To do ::
Print the data exactly. Omit the pictures.

Data block ::
==============================
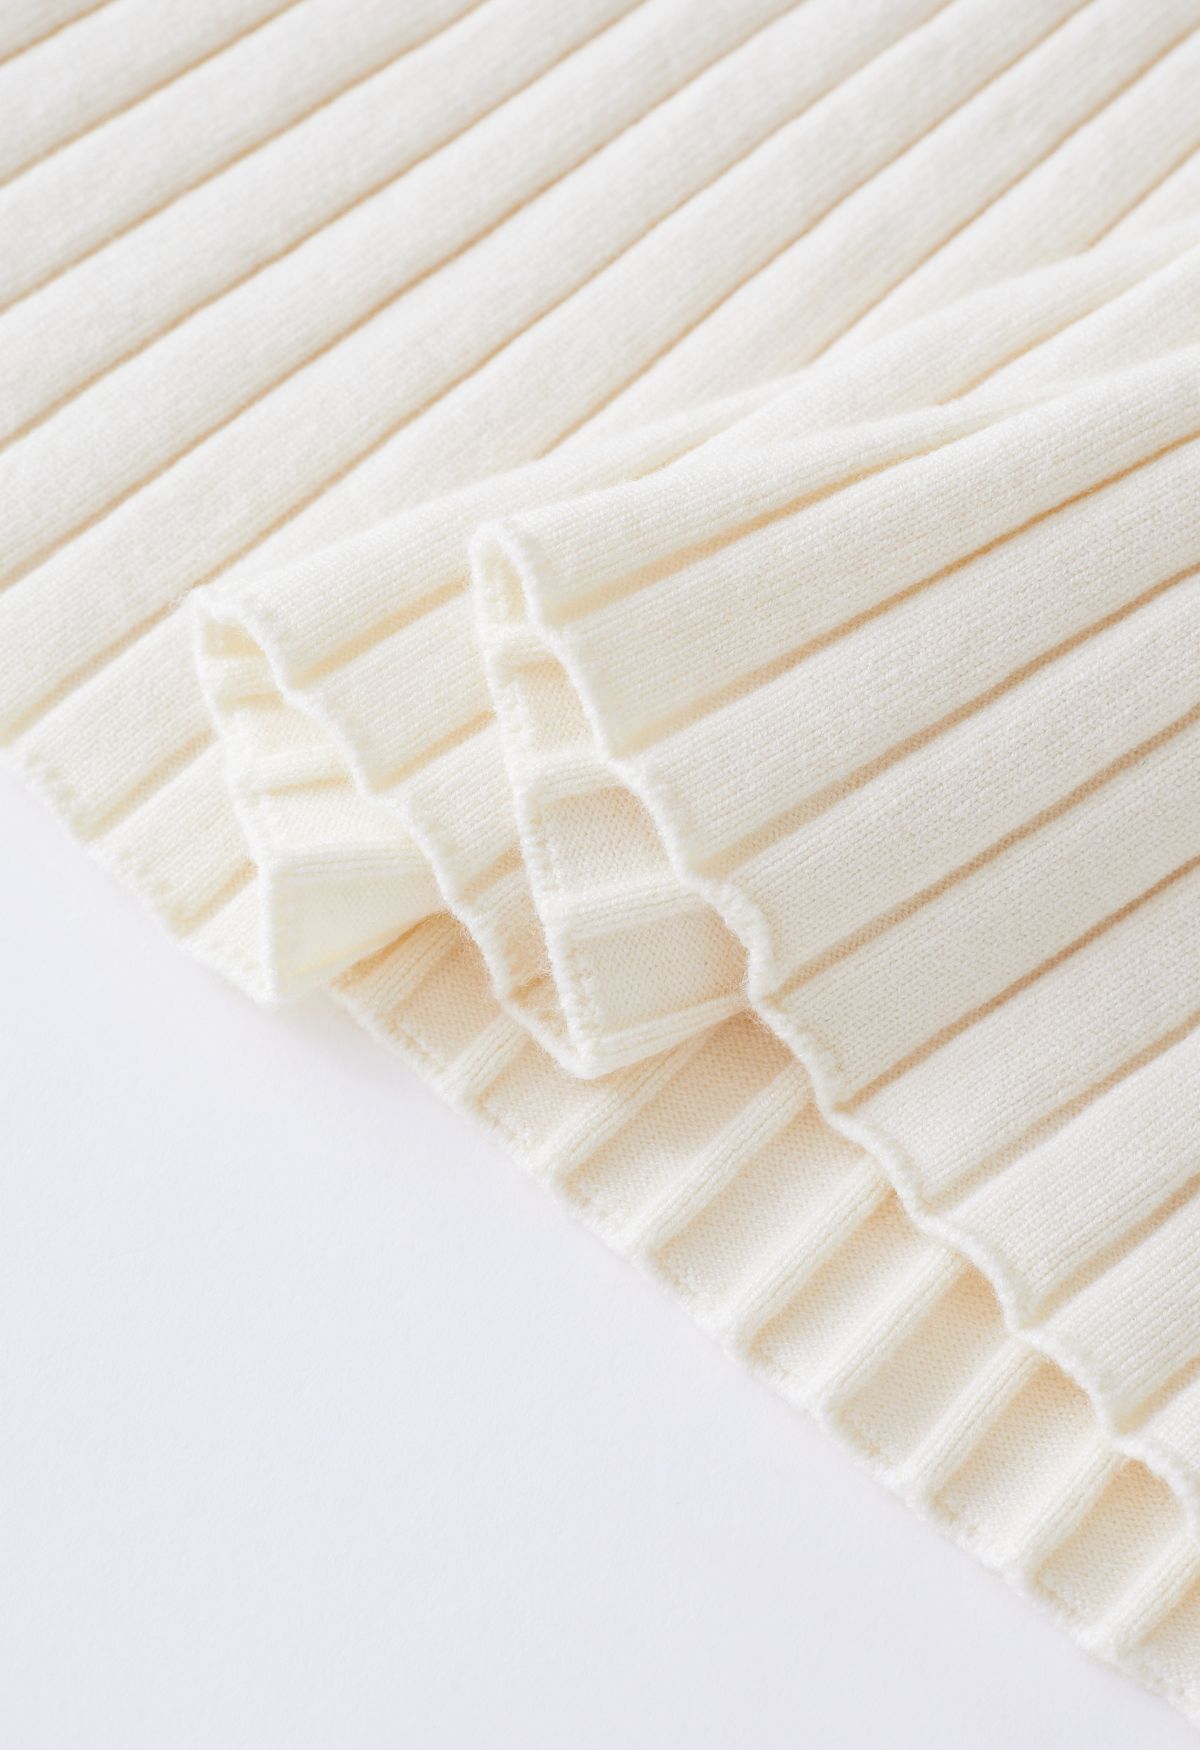 Ribbed Texture Frilling Midi Dress in Cream
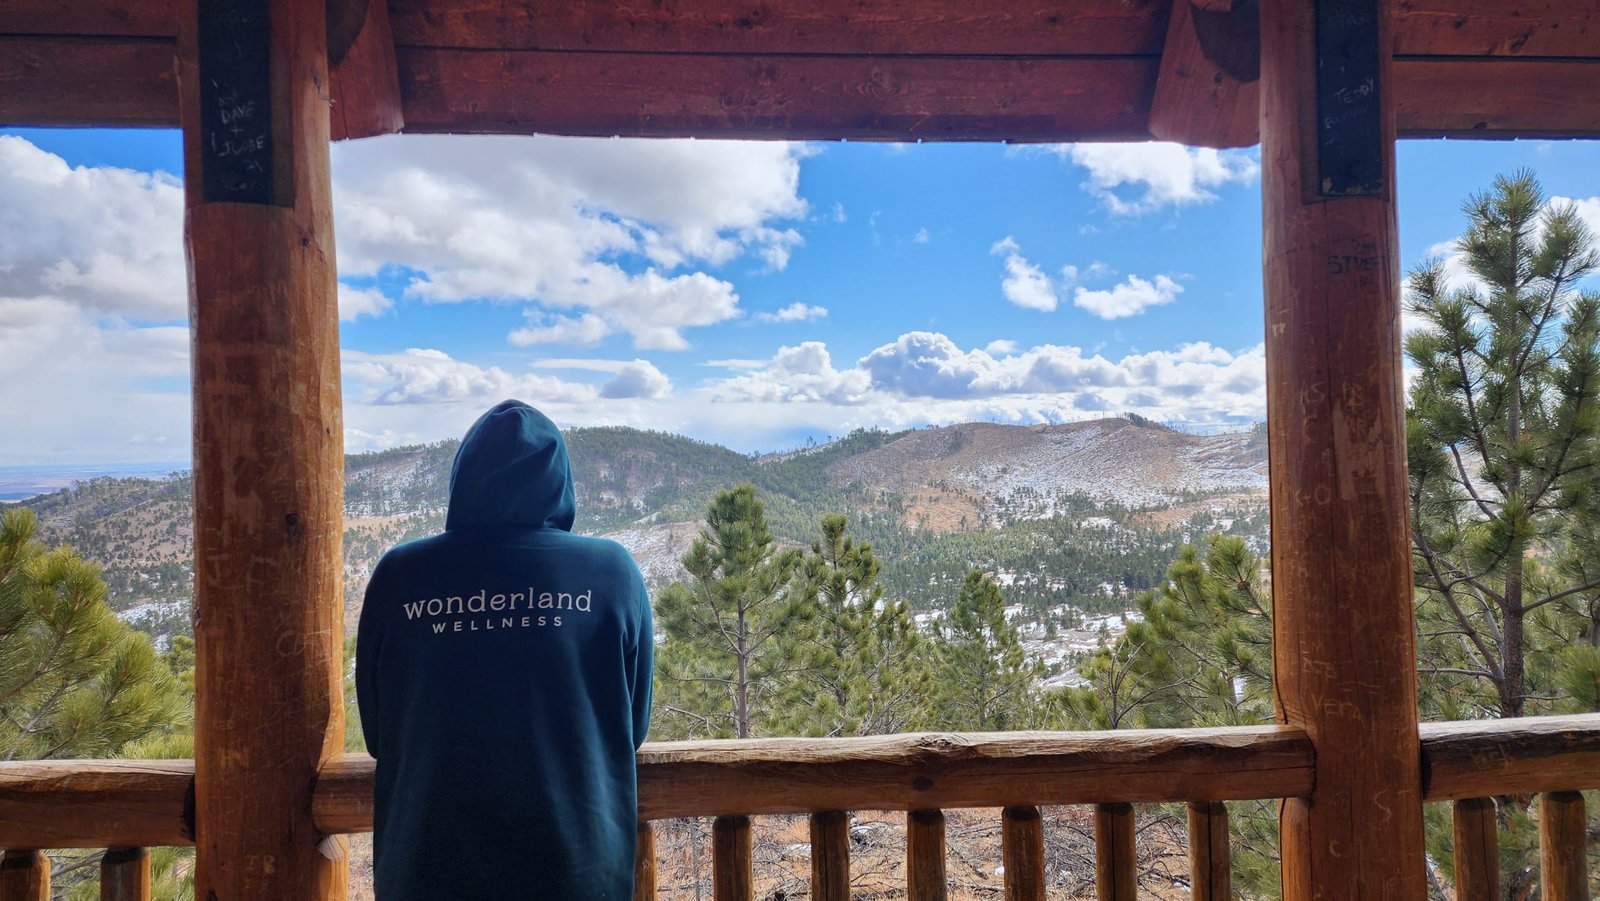 Wonderland Wellness hoodie in the mountain
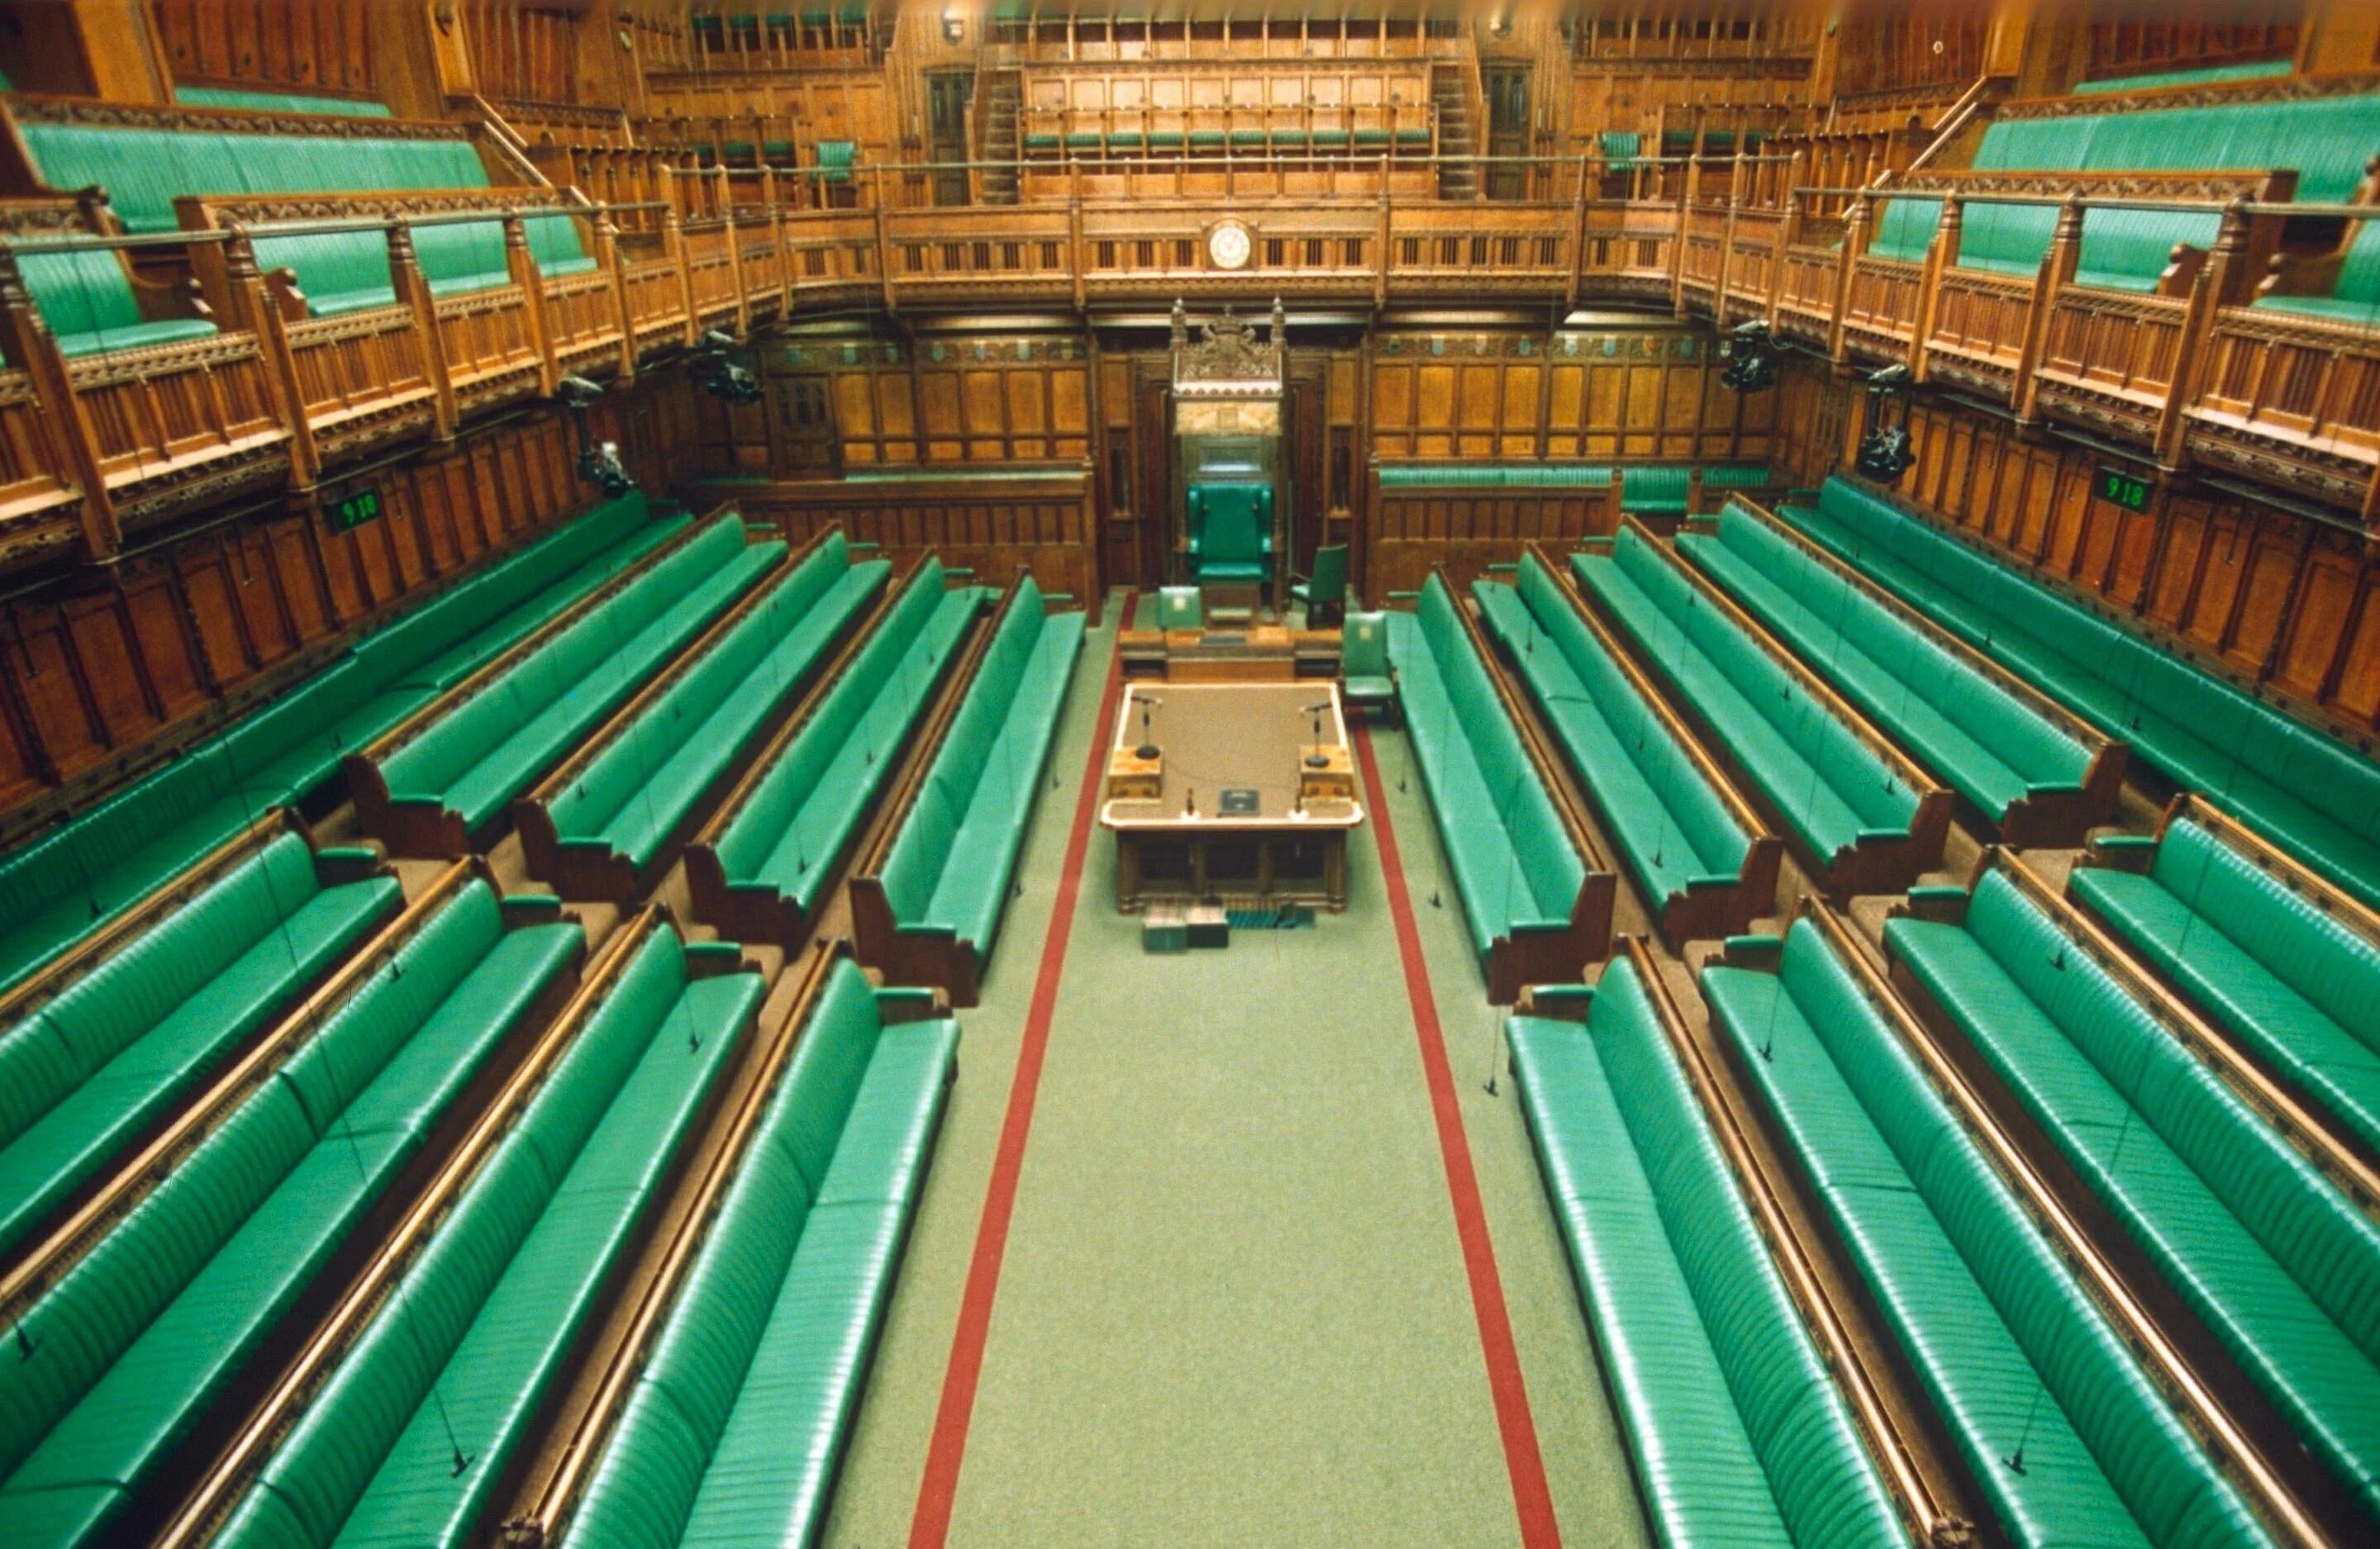 2 the house of commons. Палаты общин (House of Commons). Парламент Великобритании палата общин. Палата общин Великобритании зал. Заседание палаты общин Великобритании.
==============================
Exercise solution ::
 Ribbed Texture Frilling Midi Dress in Cream
 Wonderland Wellness hoodie in the mountain
 2 the house of commons. Палаты общин (House of Commons). Парламент Великобритании палата общин. Палата общин Великобритании зал. Заседание палаты общин Великобритании.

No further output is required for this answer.